To our knowledge, few reports have been focused on preservation of Azotobacter cells. Earlier reports suggested the success of preservation of Azotobacter cysts in dry soil at room temperature (Vela 1974) and vegetative cells in liquid nitrogen (Thompson 1987). Both reported they were able to maintain the viability of Azotobacter strains for more than 10 years. Some other techniques such as freeze-drying were tried and were found to not be entirely satisfactory for this genus as viability could not be maintained for long (Lapage et al. 1970, Antheunisse 1973, Thompson 1987). Hence, standardization of different preservation methods, which are available for most laboratories, for storage of Azotobacter strains remains a priority in order to maintain their genetic and metabolic characteristics. The goal of this study was to evaluate the effectiveness of freeze-drying, cryopreservation, and immobilization in dry polymers as preservation methods for Azotobacter (A. chroococcum and A. vinelandii); likewise, to study the effect of protective agents to improve the viability and activity of bacteria under storage. To our knowledge, this is the first report in which are evaluated several preservation methods for the maintenance of this bacterial genus.
Materials and Methods
Bacterial strains and culture preparation: Strains C26 and C27 were isolated from eucalyptus rhizosphere in Codazzi, Cesar, Colombia (Obando et al. 2010). These were identified as A. chroococcum and A. vinelandii by studying their nifH genes, respectively. For maintenance, the strains were refrigerated at 4°C on Ashby (composition in g/L: mannitol 10, K2HPO4 0.2, MgSO4 7H2O 0.2, NaCl 0.2, CaSO4 0.1, CaCO3 10.0, agar 15.0) culture plates, and streaked monthly on new medium. To prepare bacterial cultures, strains C26 and C27 were incubated for seven and three days —late stationary phase—, respectively, at 30°C on Ashby plates at pH 9.5. Cellular suspensions were then rinsed twice with 0.85% NaCl and pellets were reconstituted in the respective protective solutions. Before cells were preserved, number of viable cells was counted in triplicate by spreading serial dilutions on LG solid medium (composition in g/L: sucrose 20, K2HPO4 0.05, KH2PO4 0.15, CaCL 0.02, MgSO4 7H2O 0.2, Na2MoO4 2H2O 0.002, FeCl3 0.01, CaCO3 0.01, bromothymol blue 0.025).
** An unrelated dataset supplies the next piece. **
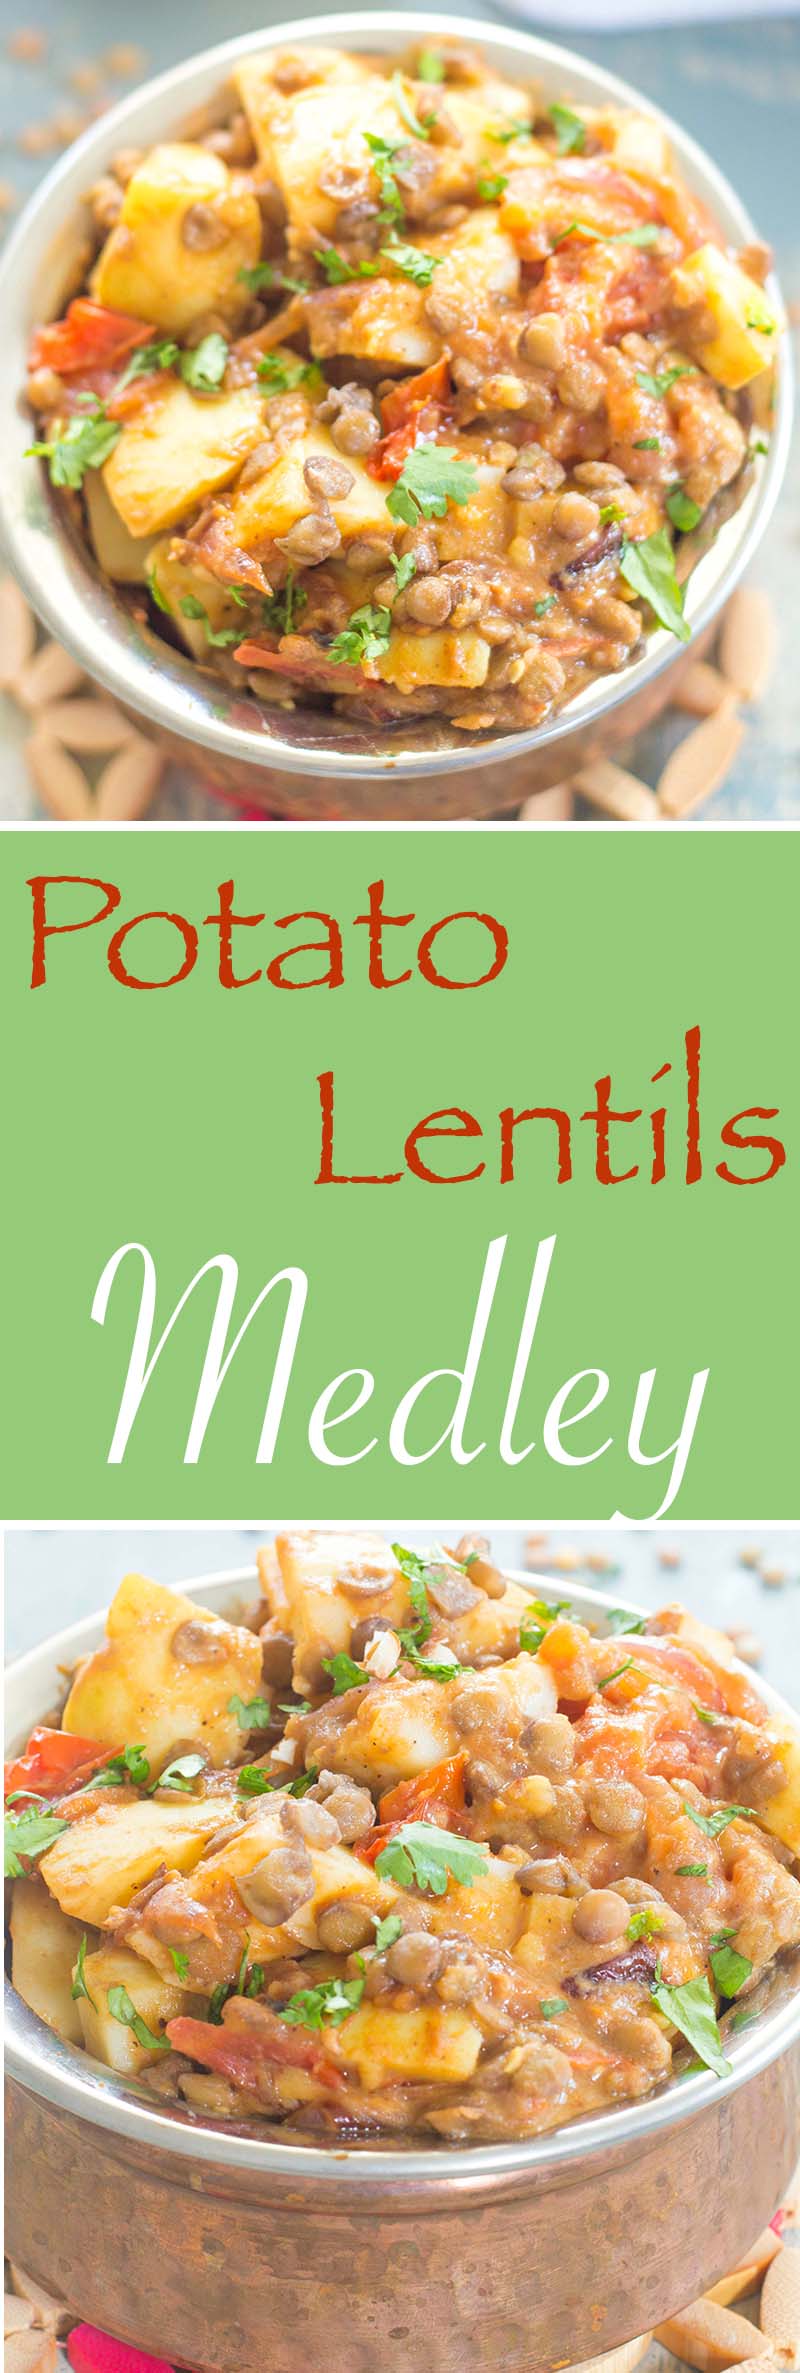 No EXOTIC SPICES REQUIRED! A simple potato lentils meal made with simple everyday ingredients. Perfect vegan lunch or dinner meal packed with protein power

Preservation methods: To find a suitable method for preservation of A. chroococcum and A. vinelandii, we tested three preservation methods and some protective agents. Selection of these methods and their respective protective agents was based on an exhaustive revision of literature. For cryopreservation, we used glycerol and DMSO as reported by Garrity et al. (2005), while TSA was chosen by suggestion of author Dr. Joseph Kloepper. For freeze-drying, we used S/BSA (Cleland et al. 2004), 10% skim milk + 1% sodium glutamate (Miyamoto-Shinohara et al. 2006), and 10% skin milk (Cody et al. 2008, and routine method in our Lab) since these show to be highly effective to preserve viability of many Gram-negative bacteria. Finally, for immobilization in dried polymers we used alginate (Bashan and Gonzales 1999), acacia gum (Krumnow et al. 2009), carrageenan (Denkova et al. 2004), and Polyox® that was first evaluated in this study.
Cryopreservation: We evaluated three protective agents at two concentrations. Hence, bacterial suspensions were prepared in the following sterile protective agents: 10% and 30% glycerol (Merck, USA), 10% and 20% dimethyl sulfoxide —DMSO— (Fisher Scientific, USA), and 0.5X and 1.0X trypticase soy broth —TSA— (Merck, USA). One-ml aliquots of cell suspensions with each protective agent were dispensed into labeled sterile 2-ml screw capped tubes of polypropylene, incubated at room temperature for 1.0 h, and then samples were frozen at -25°C. Estimation of bacterial survival was performed 0, 5, 15, 30, and 60 days subsequent to preservation.
Freeze-drying: Cell suspensions were prepared in the following three sterile protective agents: 10% skim milk (SM), 10% skim milk + 1% sodium glutamate (SM/Glu), and 20% sucrose + 10% BSA (S/BSA). A 200 μL-aliquot of each treatment was placed into 5-ml vials, frozen at -196°C by using liquid nitrogen, and desiccated under vacuum at 1.0 hPa in a Heto Power Dry PL9000 Freeze Dryer (Thermo Corporation, USA). The primary and secondary drying on shelves was performed at different stages: 1) -20°C for 3 h, 2) -4°C for 2 h, 3) 15°C for 3 h, 4) 25°C for 5 h, and 5) 30°C for 11 h. Freeze-dried cells were subjected to accelerated survival evaluation at 37°C and the Log of colony forming units per ml (CFU ml—1) was recorded after two and four weeks (Cleland et al. 2004).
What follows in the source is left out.